ALBUQUERQUE, N.M. — Away from the big-city hustle and bustle lies a cultural paradise encased in colorful rock canyons and vast valleys to be explored. This is Acoma Pueblo, the home of Sky City, which offers endless entertainment and recreation options, but most importantly a history lesson in Southwest culture and the people of Acoma Pueblo.
“Visit and learn about Acoma Pueblo’s history, heritage and cultural-traditional values that have kept Acoma unique in today’s world,” said Acoma Pueblo Lt. Governor Lloyd D. Tortalita.
About an hour’s drive west of Albuquerque, along Interstate 40, is a soothing and visually interesting road trip that leads to Sky City Casino, off the exit 102. Amid a warm and friendly atmosphere, the casino offers some of the hottest and newest slot machines, latest Vegas-style table games, live bingo and live entertainment.
There’s no need to scamper off to hit the road back home because Sky City Casino Hotel offers cozy rooms with plenty of amenities. The AAA-affiliated Triple Diamond-rated hotel rooms and suites offer beautiful scenic views of Mount Taylor and the surrounding high-desert landscape. The distinctive Southwestern architecture of the venue is a view in itself. Venture to the outdoor courtyard, fitness room and the heated pool and hot tub.
“Sky City Hotel is your home base for exploring this beautiful western region of New Mexico,” said David Baumgartner, Sky City general manager.
Start with Acoma Pueblo, atop a sandstone bluff, hike historic Chaco Canyon and finish with a cruise down old Route 66.
For the more outdoorsy types, Sky City has an RV park where you can park your RV and catch a shuttle to and from the casino. RV check-in is from 9 a.m.-9 p.m. at the Sky City hotel front desk. Shuttle services are upon request so let the front desk know whether the service will be needed.

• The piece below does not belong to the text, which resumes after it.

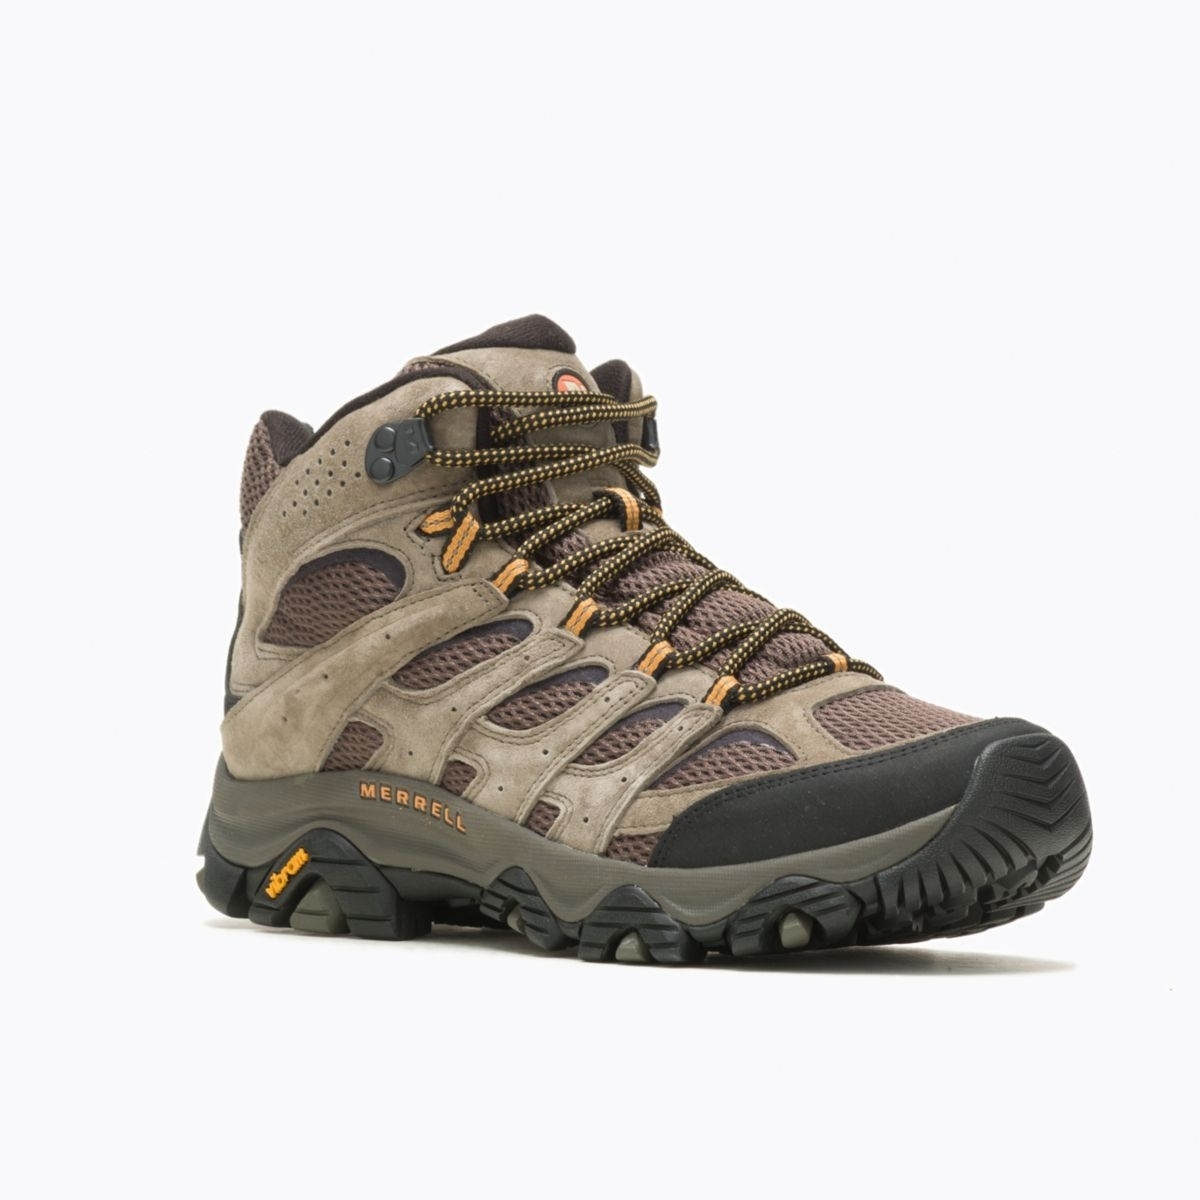 Merrell Men's Moab 3 Mid GORE-TEX Hiking Boot Walnut - J035795 WALNUT - WALNUT, 12

Off the Sky City Casino Hotel premises awaits a memorable day trip to the Sky City Cultural Center and Haak’u Museum. There you can take a tour of the beautiful and majestic Acoma Sky City. Acoma Pueblo is part of New Mexico’s cultural heritage and is one of the oldest continuously inhabited settlements in North America, according to a Sky City news release.
It also is the 28th historic site designated by the National Trust for Historic Preservation and has been voted the Top Best Native American Experience by USA Today, the release adds.

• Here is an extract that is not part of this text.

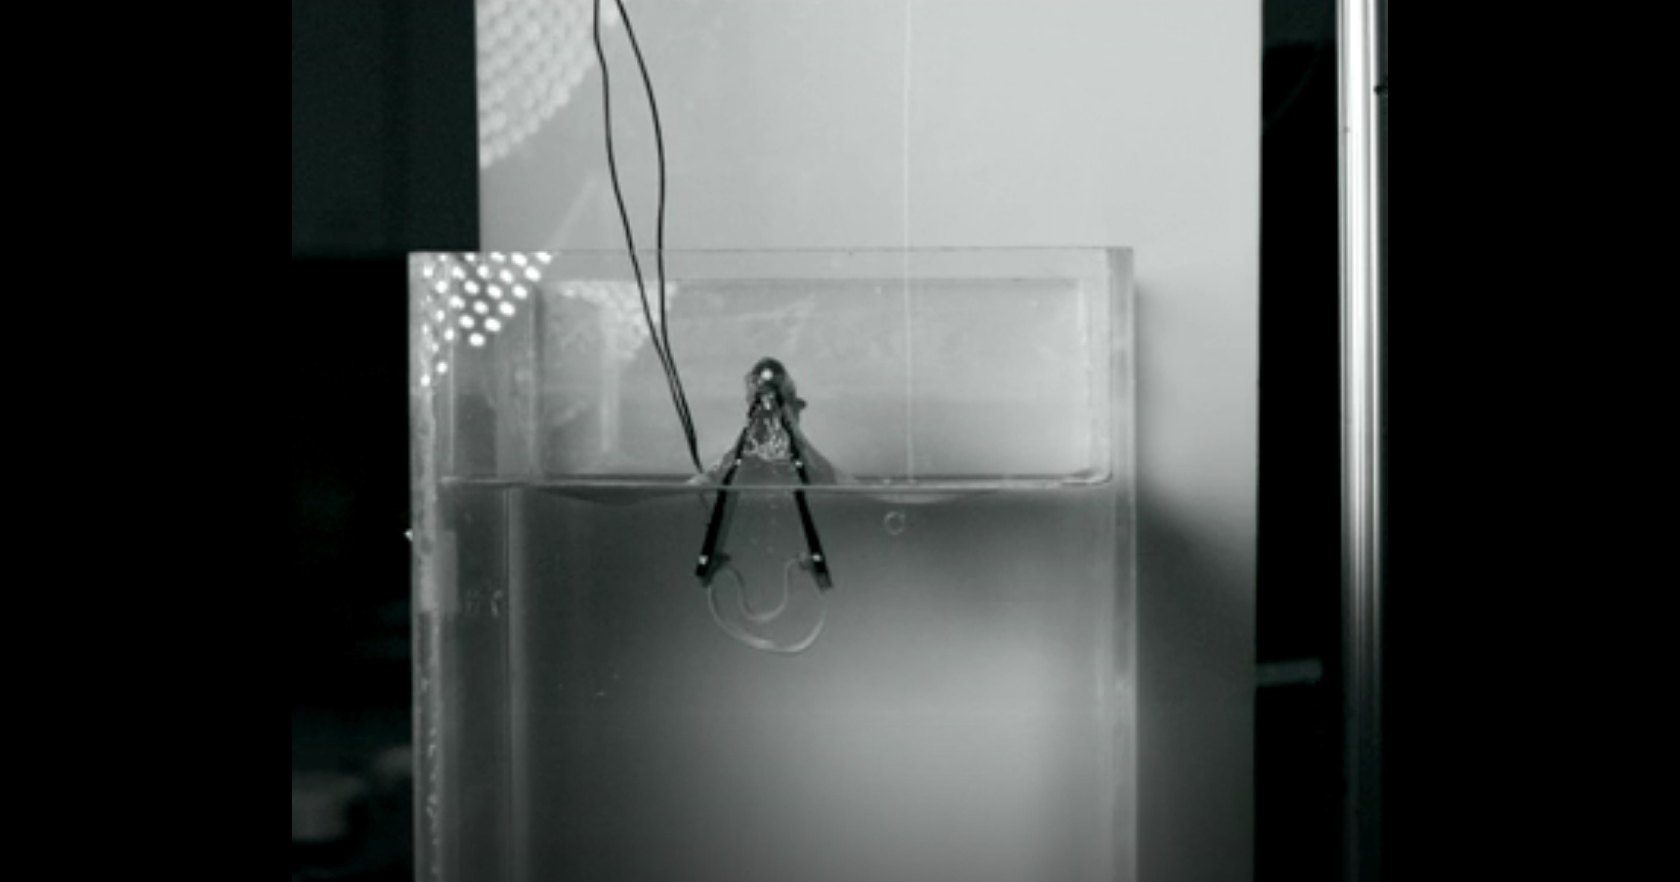 Ученые изобрели подводного прыгающего робота

Take a tour of Sky City Cultural Center for varied admission prices depending on what type of tour you take. For group rates and other information, contact coordinator Melvin Juanico at 505-552-7869.
Year-round there are always public events happening on Acoma Pueblo, including the Officers’ Feast in early February, the Santa Maria Feast in McCarty on the first Sunday of May and the San Lorenzo Feast in Acomita on Aug. 10. In September, there is the San Esteban Feast-Harvest Dance on Sept. 2 and the Annual Tour de Acoma Bike Race on the third Sunday of September.
Coming up is the beautiful luminarias event on Dec. 24 where about 2,000 luminarias line the road leading to Acoma Pueblo. On Dec. 25 through 28 admire traditional dances inside San Esteban Del Rey Mission.
Acoma is well-known for its traditional pottery. Let the Haak’u Museum and Sky City Cultural Center educate you on the culture and tradition of Acoma pottery. Learn how the pottery was used for everyday functions from water to seed storage, to cooking and eating.
Understand the meaning of the patterns, designs and color as well as what the pottery symbolizes. And, learn about the innovation of modern and contemporary artwork, according the news release.
There is still more to venture to and explore in the surrounding Cibola County area. Head over to the Chaco Culture National History Park and walk through the valley of an ancestral Pueblo culture that was once a thriving society thousands of years ago.
Take a hike to Mount Taylor, which peaks at 11,301 feet in the Cibola National Forest. Take a look at the depths and beauty of the Bandera Volcano, which erupted 12,000 years ago or walk to the bottom of Ice Cave, a lava tube filled with permanent ice. Also in the general area is El Mapais National Conservation Area, where New Mexico’s largest natural arches, La Ventana arch, stands.